Inoltre, una curiosa informazione riportata da Plinio, ci racconta di come Nerone fosse solito
guardare i giochi tra gladiatori attraverso uno smeraldo. Ora, l’imperatore è noto alla storia
come un personaggio a dir poco eccentrico, quindi è probabile che quest’abitudine non fosse
nient’altro che il suo ennesimo vezzo. Tuttavia, nulla esclude che, senza saperlo, l’imperatore
traesse vantaggio dall’effetto riposante sugli occhi del colore verde o che, addirittura, la
particolare forma dello smeraldo contribuisse a correggere un difetto visivo di Nerone.

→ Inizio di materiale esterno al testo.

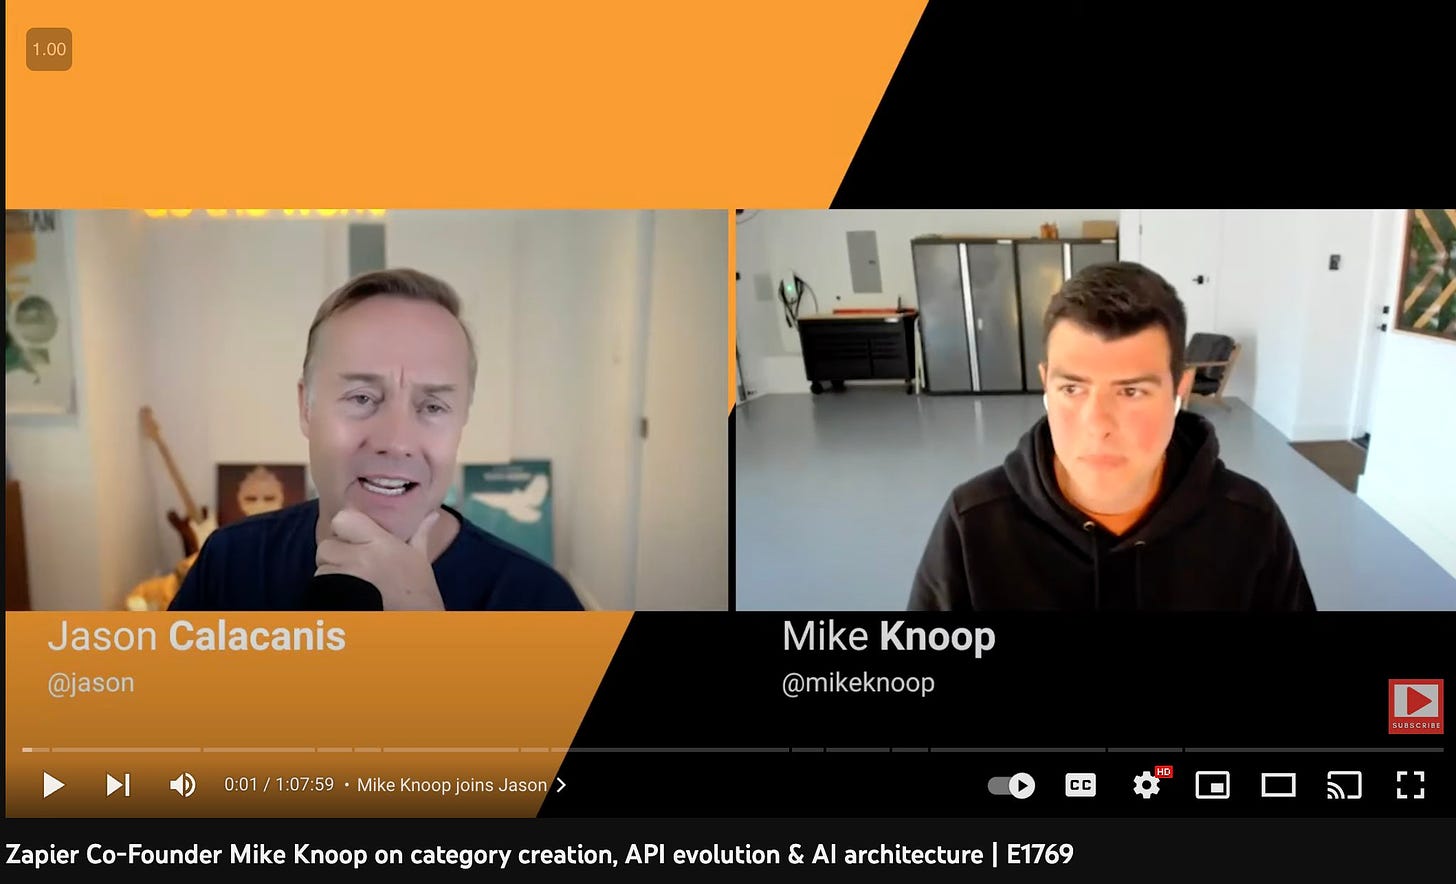 May be an image of 2 people and text that says ".00 Jason Calacanis @jason A Mike Knoop @mikeknoop 0:01/1:07:59 Mike Knoop joins Jasor Zapier Co-Founder Mike Knoop on category creation, API evolution & AI architecture E1769 SUBSCRIBE"

Gli antichi Greci e Romani, quindi, non avevano la fortuna di poter usare nessun modello
rudimentale che si avvicinase ai nostri occhiali contemporanei. E’ molto probabile, però, che gli
antichi conoscessero le lenti convergenti, visto che ne ‘Le Nuvole’ di Aristofane, commedia
andata in scena per la prima volta nel 423 a.C., si fa riferimento a quella che potrebbe essere
una lente convergente ustoria, utilizzata per accendere il fuoco.
STREPSIADE: “Hai tu veduto presso i droghieri questa bella pietra trasparente, con cui si
accende il fuoco?”
SOCRATE: “Non è forse del vetro che vuoi dirmi?”